FIG. 4 is a view for explaining one configuration of an inner slip ring in the glass forming apparatus of the present invention.

FIG. 5 is a diagram for explaining details of each part of an inner peripheral slip ring.

FIG. 6 is a view for explaining one configuration of a ring turntable in the glass forming apparatus of the present invention.

FIG. 7 is a diagram showing a configuration of an example of a conventional glass forming apparatus.

FIG. 8 is a diagram for explaining each station in a conventional glass forming apparatus.

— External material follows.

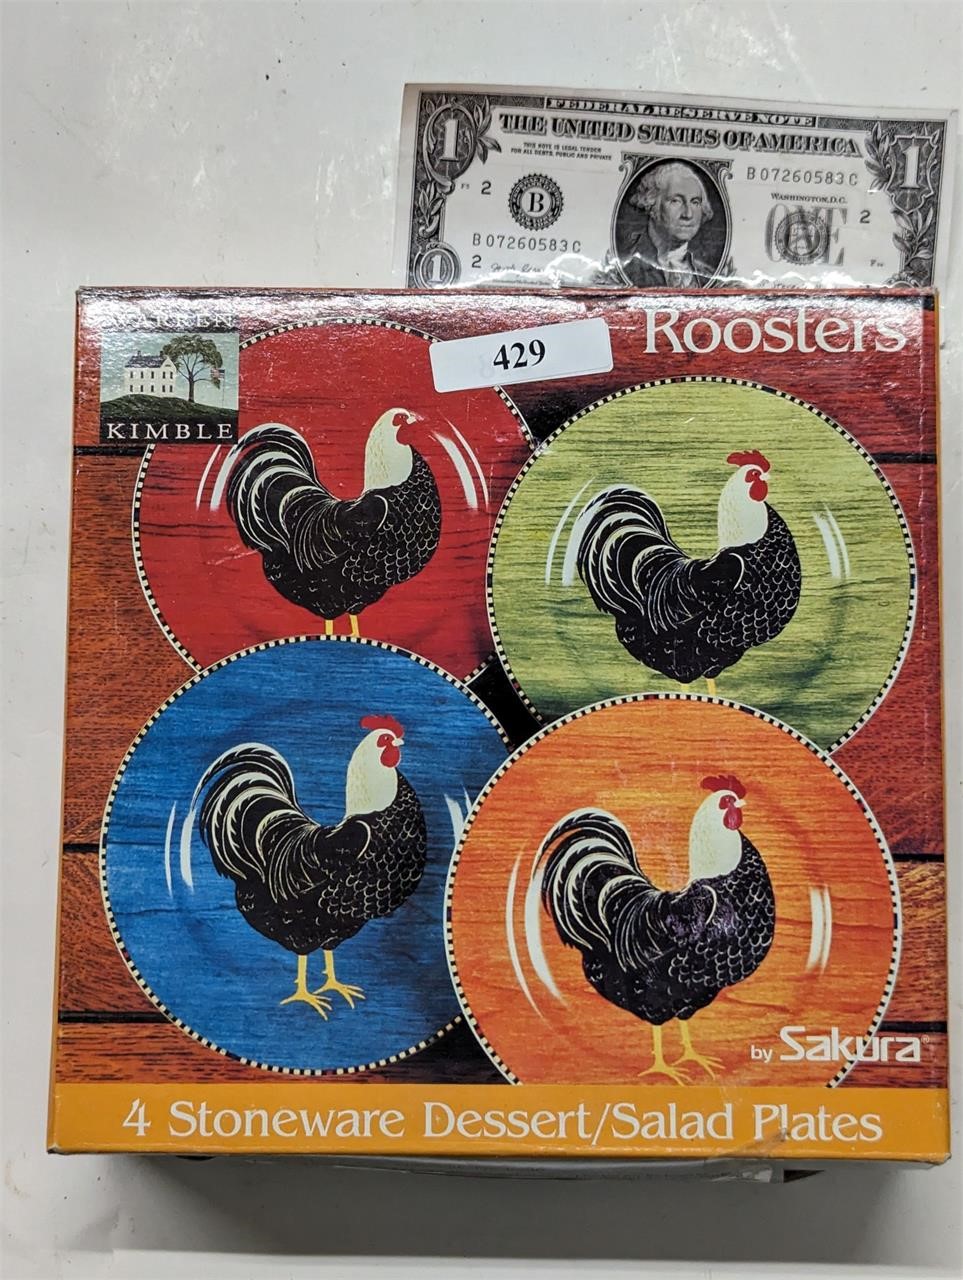 New 4 Warren Kimble rooster plates
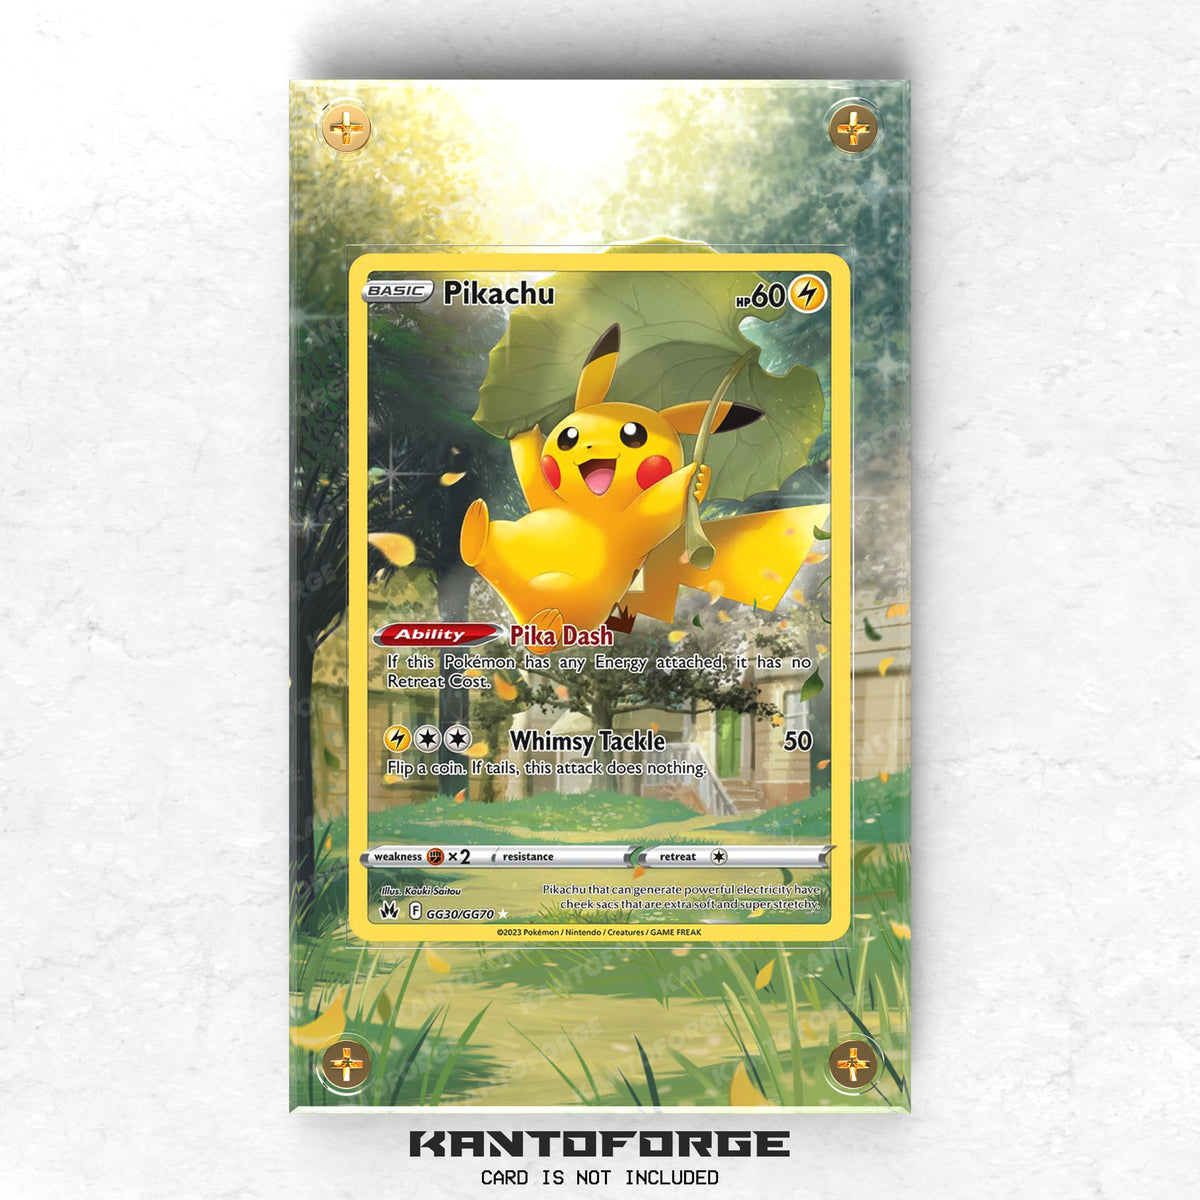 Pikachu GG30/GG70 - Pokémon Extended Artwork Protective Card Display Case

FIG. 9 is a view showing a configuration of an example of a lower mold in a conventional glass forming apparatus.

[Explanation of symbols]

1 Glass forming equipment, 2 bases, 3 frames, 3-
1,3-2 leg, 4 upper mold, 5 ring turntable, 6 forming cylinder, 7 drive unit, 8 lower mold, 11
Rack gear, 12 index motor, 13 pinion gear, 14-1, 14-2 vertical guide, 21-1,
21-2 plate, 22 guide, 23 actuator, 24 notch, 31 lower die receiving part, 32 lower die main body, 33 driving part receiving part, 34 opening, 35 heater,
36 recess, 37 bottom, 38 positioning hole, 39
Positioning protrusion, 41 Ring-shaped slip ring, 42
Power supply section, 43 ring-shaped slip ring main body, 44 electrodes, 45 terminals, 46 brush section, 47 carbon electrode, 48 mounting support, 49 retainer, 51 split table section, 52 gap, 53 base, 54 guide, 55
Bearing, 56 roller, 57 internal gear, 58
Drive gear

────────────────────────────────────────────────── ─── Continuation of front page (72) Inventor Yoshitaka Tabuchi 2-56, Suda-cho, Mizuho-ku, Nagoya-shi, Aichi Japan Insulator Co., Ltd. (56) References JP-A-5-286731 (JP, A) JP-A Sho 47-45405 (JP, A) JP-A-64-87524 (JP, A) JP-A-62-56326 (JP, A) (58) Fields investigated (Int. Cl. ⁷ , DB name) C03B 11/02 C03B 11/12

Claims (7)

(57) [Claims] 1. A glass forming apparatus for placing glass between an upper mold and a lower mold attached to a frame and molding the placed glass between the upper mold and the lower mold, wherein the lower mold is conveyed. A lower mold receiving portion provided on the means, a lower mold main body loosely fitted to the lower mold receiving portion, and a driving portion for driving the lower die main body, and driven by a driving portion receiving portion provided on the lower die main body. The lower die body is configured to move up and down with respect to the frame by driving of the driving unit without being affected by the lower die receiving portion, and further, the transport means is a ring-shaped turntable.
And on the inner circumference of the ring-shaped turntable,
A ring-shaped slip ring provided with electrodes is provided.
Ring-shaped turn ring through the electrode of the ring-shaped slip ring.
A glass forming apparatus characterized in that power is supplied to heaters provided for each lower mold in a table . 2. The glass forming apparatus according to claim 1, wherein said frame is of a portal type. Wherein the drive of the drive unit, also claim 1 carried out at a cylinder attached to the lower side of the frame of the lower die
Is the glass forming apparatus according to 2 . 4. A lower surface of the lower mold body is formed by a concave portion having a tapered side surface, and a positioning hole provided at a bottom of the concave portion. The glass forming apparatus according to any one of claims 1 to 3 , wherein the glass forming apparatus has a tapered shape that fits into the tapered concave portion and has a positioning projection that engages with a positioning hole of the lower mold body. 5. An electrode of the ring-shaped slip ring is divided for each station, a power supply section is provided for each station, and a carbon electrode of the power supply section is brought into contact with an electrode of the ring-shaped slip ring. Item 3. The glass forming apparatus according to Item 1 . 6. divided into a plurality of the ring-shaped turntable formed with a plurality of division table unit, in any one of claims 1 and 3-5 a gap is provided between the divided dividing table unit The glass forming apparatus as described in the above. 7. The divided table part divided into a plurality of parts,
It is set via a bearing on a guide that determines the inner rotation trajectory, and its outer periphery is rotatably held by a receiving portion that restrains the vertical direction. 7. The glass forming apparatus according to claim 6, which is fixed to a tooth gear.